I'm sitting here tonight, "watching" some show on the National Geographic Channel with Pace, wondering why I'm on the computer when I could be doing something else. There's an allure to the computer that mystifies me, but I'm highly susceptible to it. You know what I mean, since you're here reading this, when you could be doing something else, too, right? I don't know what it is about reading blogs, Facebook, etc. at night, but it sucks me in!
I'm tired lately. I've been sleeping in until around 8 a.m. (Thank heavens for boys who'll stay in their bedroom until then!), but by about 9 p.m. I'm finished for the night. Except of course I stay up, yawning in front of my open laptop. I'm a glutton for punishment. If I could go to bed early just one or two nights in a row, I'd be a new woman! I used to roll my eyes when my mom would tell me she was "eternally tired." I thought it was drama. Now I know better; it's called Motherhood. It's not that the kids keep you up so late; it's that after the kids go to bed, you want to do something fun! Or at least get all the clean underwear and socks put away. Either way, a few hours of not being called, whined at, or needed is a blessed thing, and I succumb to it nightly. So now I, too, am "eternally tired."

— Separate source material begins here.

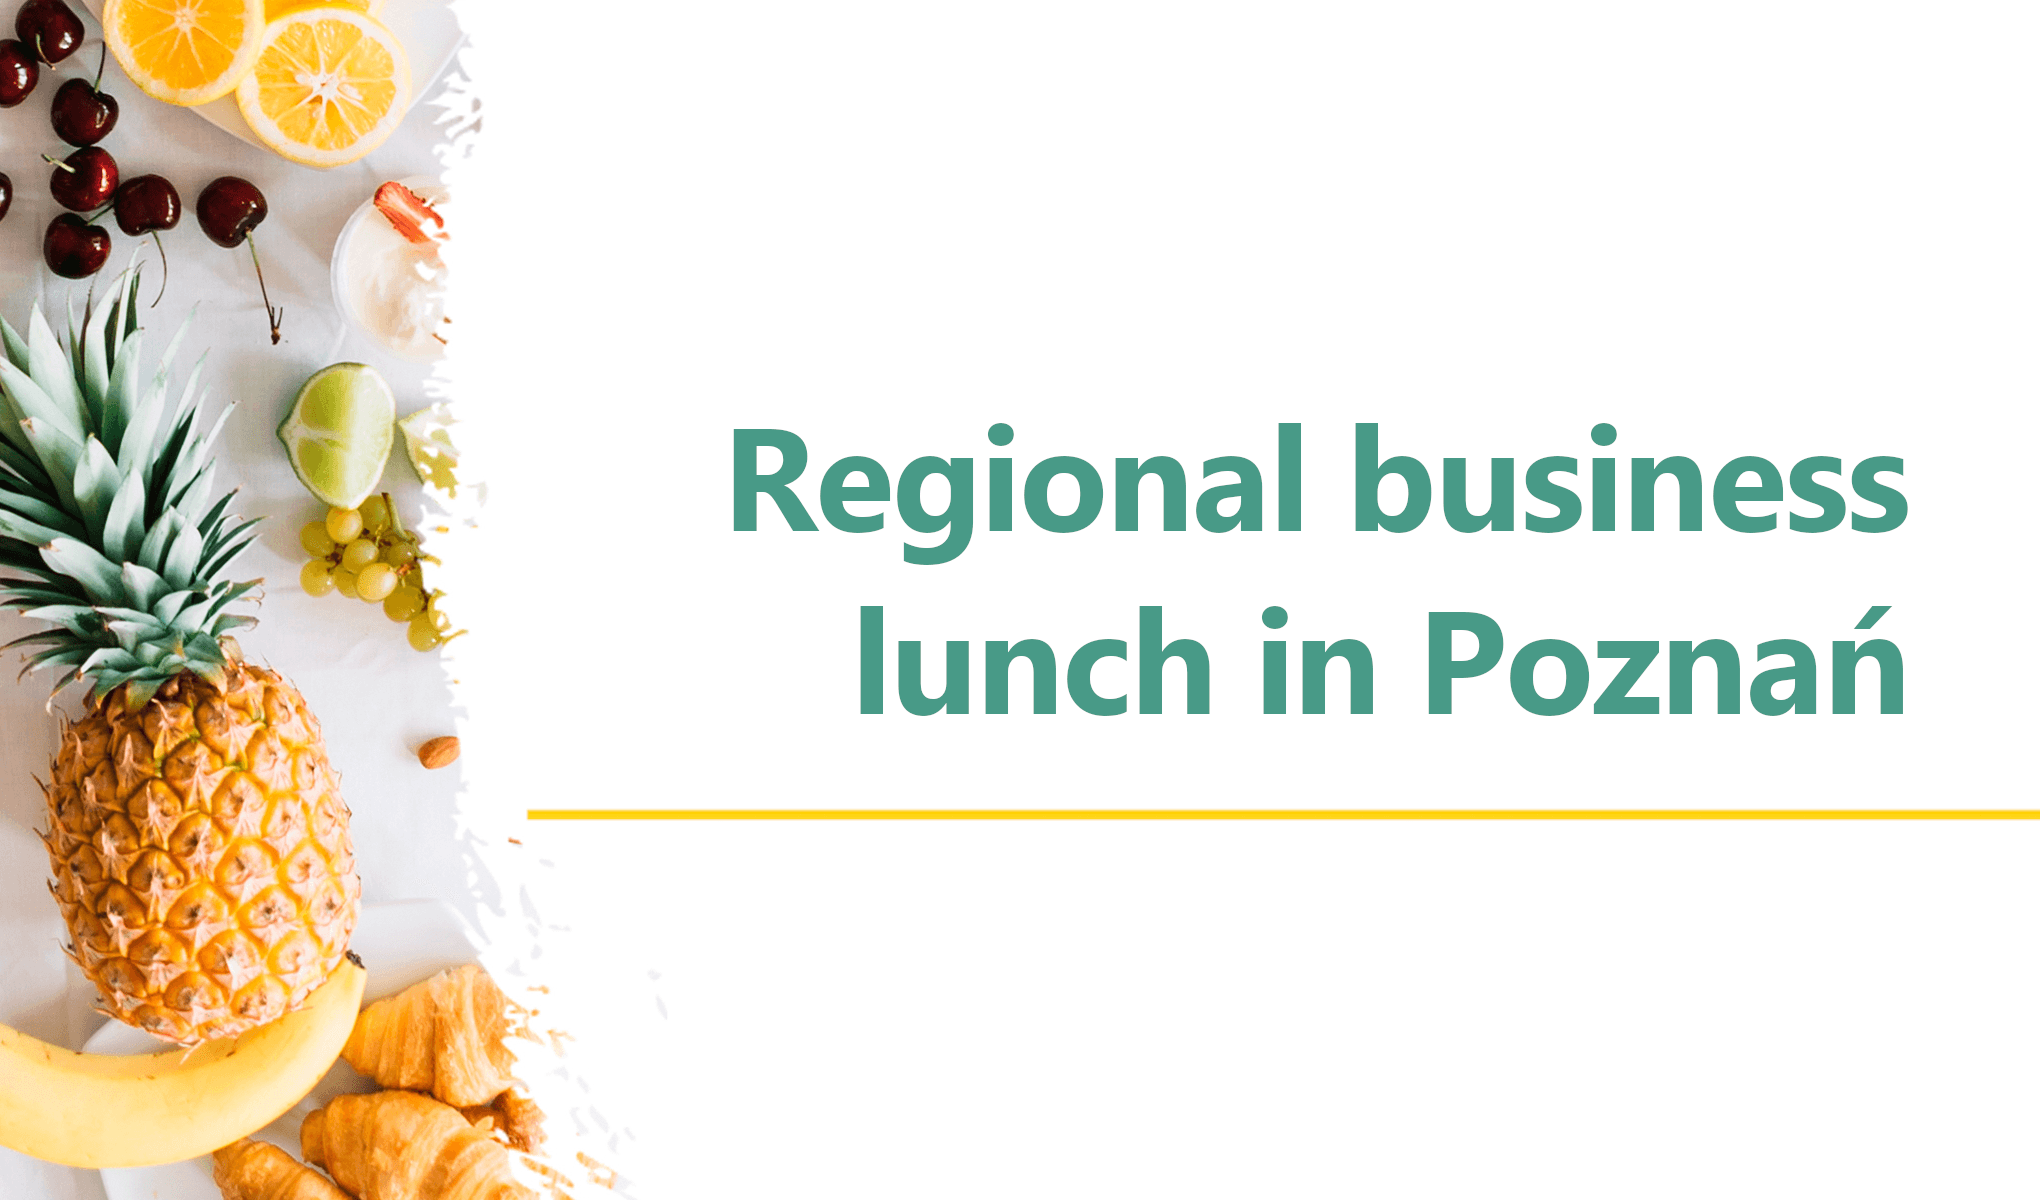 Regional business lunch in Poznań
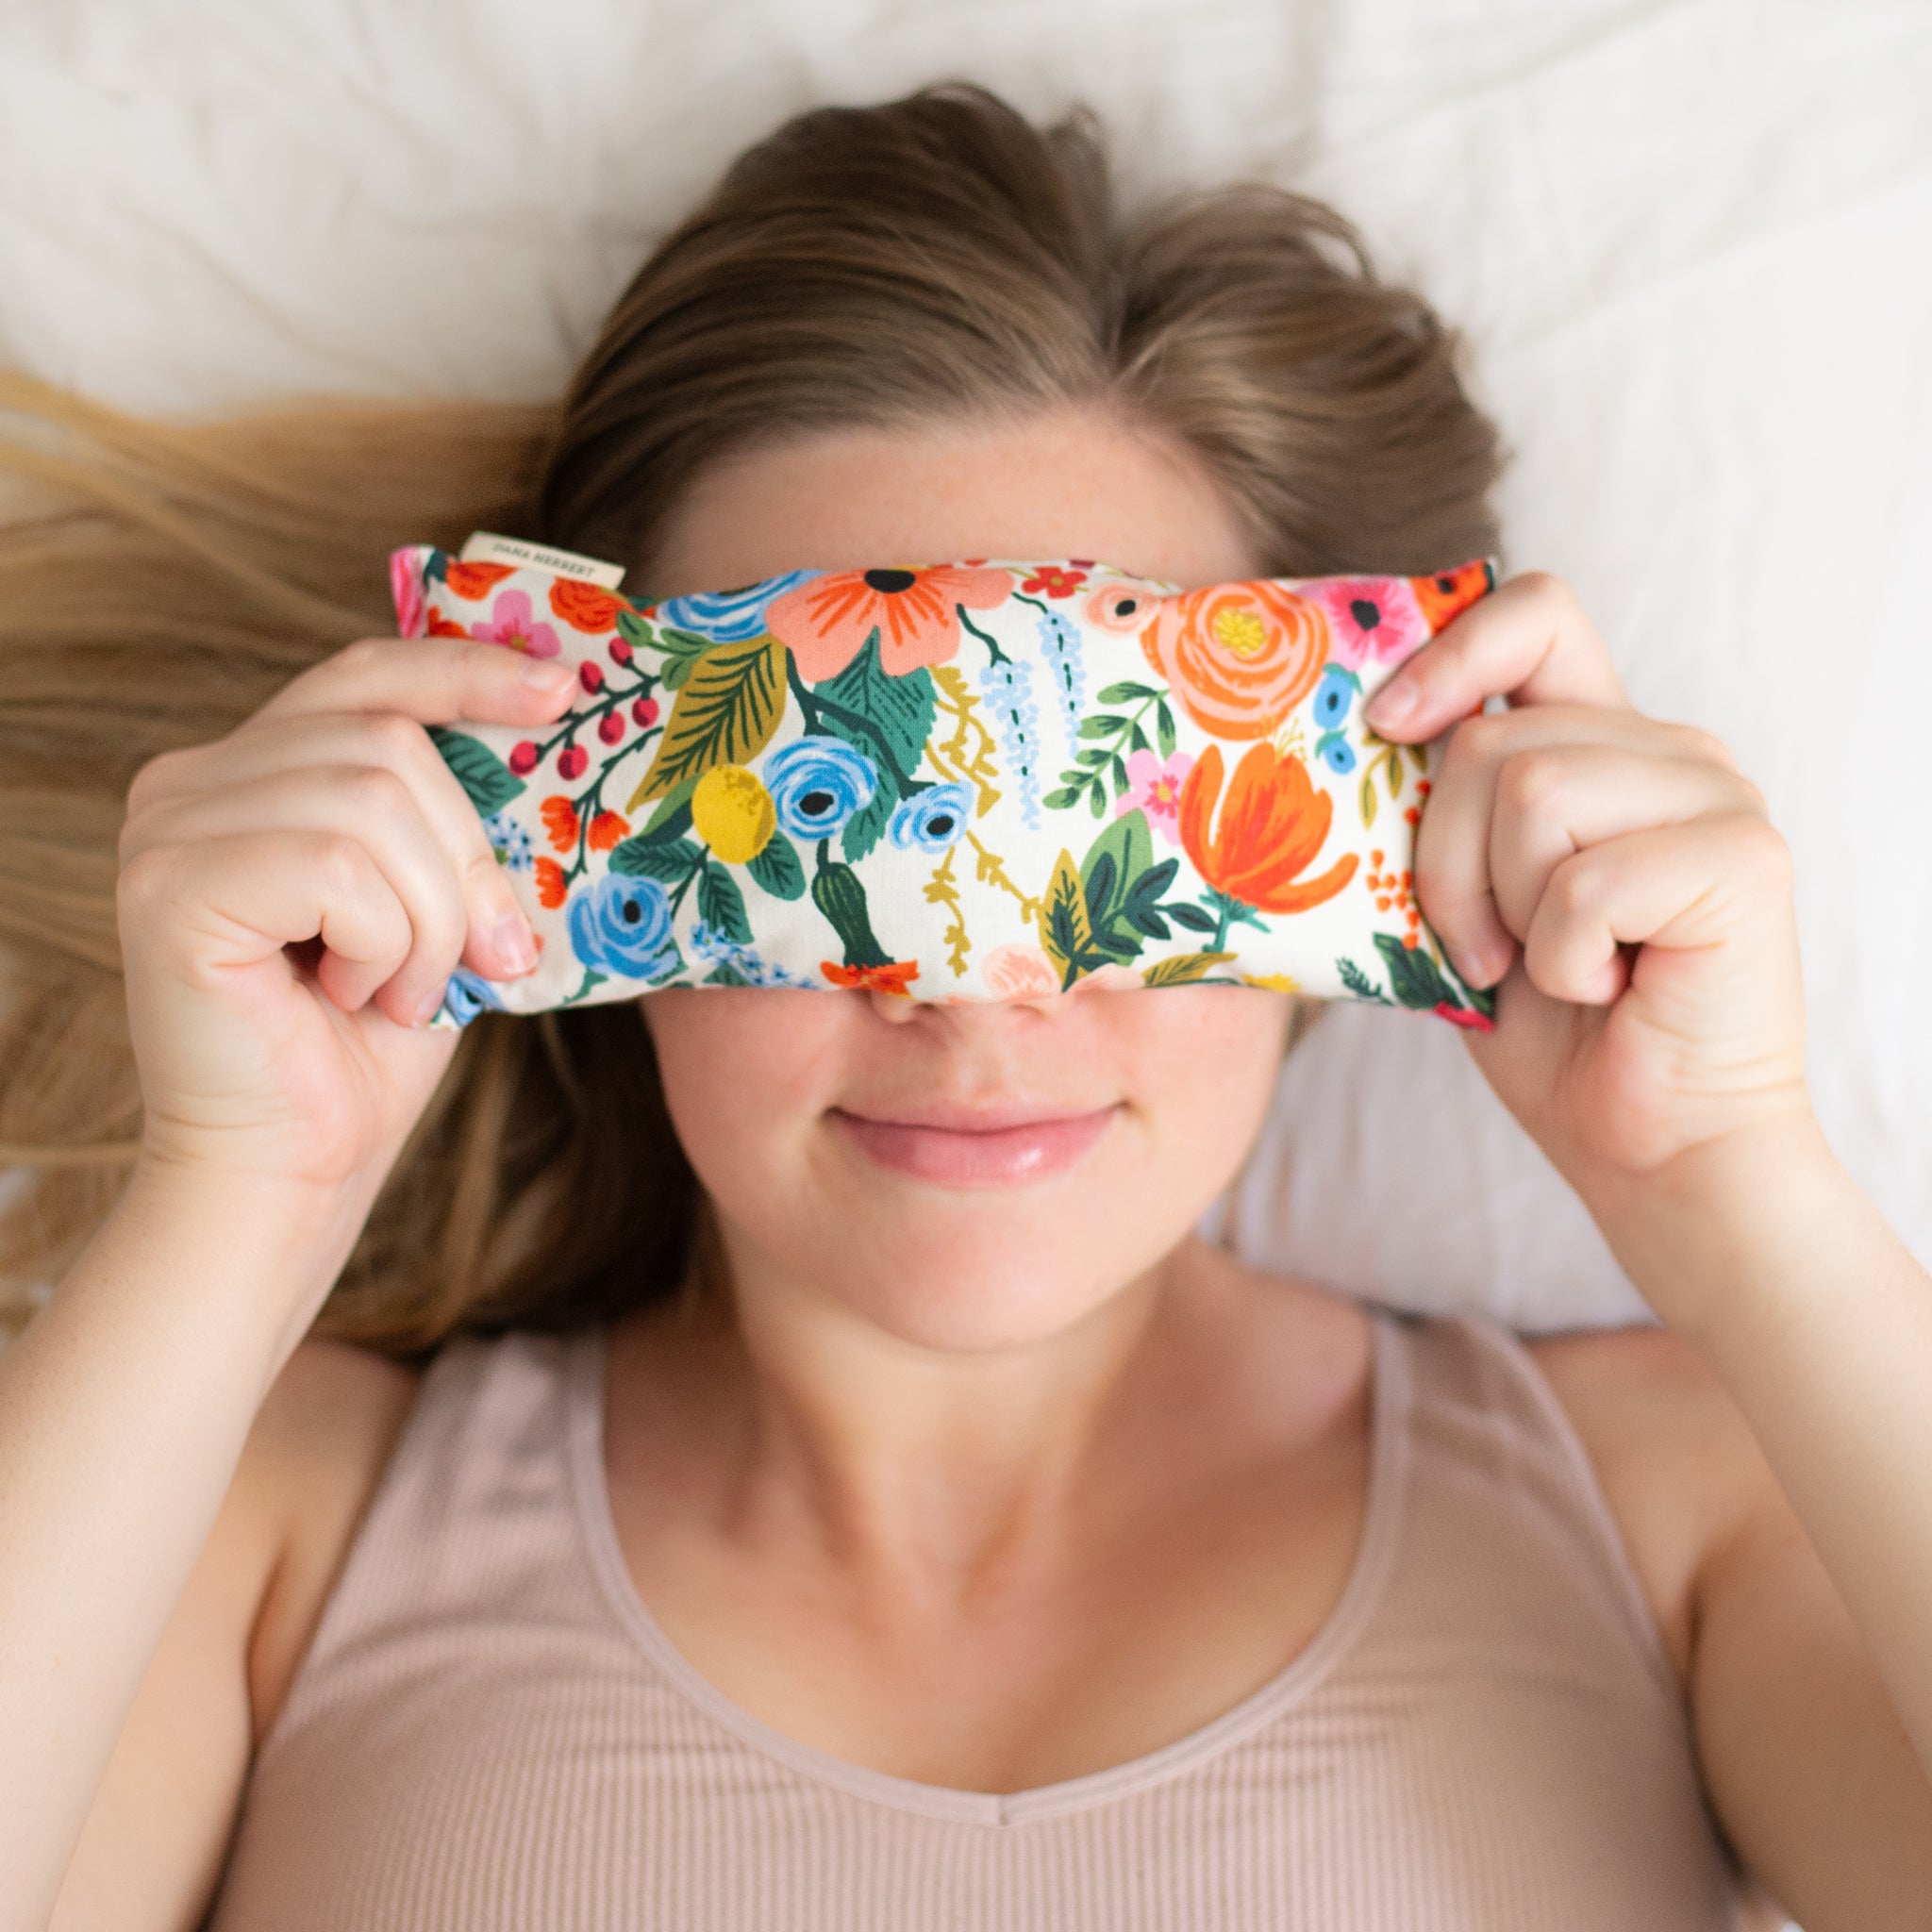 Lovely Lavender Eye Pillow Sleep Mask

But today, I have a real reason for it. Caiden and I have been working hard to establish a garden, as frugally as possible, and that involves digging beds and turning compost and hauling wheelbarrow loads of leaves. My fingernails are black, my back aches, and I might even be slightly sunburned, but by midsummer we should be eating out of our garden! If the raccoon will quit digging in it, that is. I constructed a sort-of fence around it today, to see if that helps. I found a trash can that'll keep the raccoon out of the goats' feed, but I sure don't know how to keep it out of my garden! I guess it's only fair--he/she can't get to the chickens and can't get to the goats' feed, so maybe it figures I owe it a little nibble out of the garden?
And we're also trying to get out screened-in porch cleaned up and ready for enjoying. We sprayed off chicken dust and spiders today, and soon I'll start painting the floor. I don't know why I take on these projects; sometimes I think that if I could just quit starting new projects, I could enjoy a clean house and full cookie jar. But I have a vision for a great porch, and I bought some rattan furniture cheap off Craig's List, so if I can recover the cushions, hang baskets of flowers, get the floor painted, and find matchstick blinds the right size, it'll be perfect. Re-reading that list makes me realize that's sort of a big project. And I need it done by April 21st, because Pace's sister and her family are coming here to visit us, and we haven't seen them in almost three years because they're missionaries in Australia, so it would be terrific if we could enjoy hanging out with them on the porch. Pace and I are nothing it not optimistic about our ability to complete projects in a limited timeframe! I'll keep you posted. :)
As a sidenote, I finished my scrap quilt, love it deeply, and am so sad that it's too small to be a napping quilt for me. So I lovingly, sacrificially gave it to Addie, who promptly refused to sleep with it today, preferring the one my mom made her. I calmly, gently,
smilingly told her that I spent nearly 40 hours making that quilt, and she was going to love it, whether she wanted to or not. So she slept on top of it, as a compromise. That's what I get for thinking my mom was being dramatic when she said she was always tired. I get a daughter who's a stick of dynamite with a bow in her hair. But she has beautiful eyes, and she looks like my husband, so I'm generally a sucker.
So that's what's going on around here. I have pictures from our rabbit-under-the-bed-at-midnight experience, as well as one of Caiden's chin now that it's missing a huge chunk, as well as the you-will-love-it-because-I-slaved-over-it quilt, but now it's after 10 p.m., and not even the socks and underwear have been folded. And the raccoon's probably nibbling on my basil as I type. Off I go to bed, or at least to clean out my fingernails.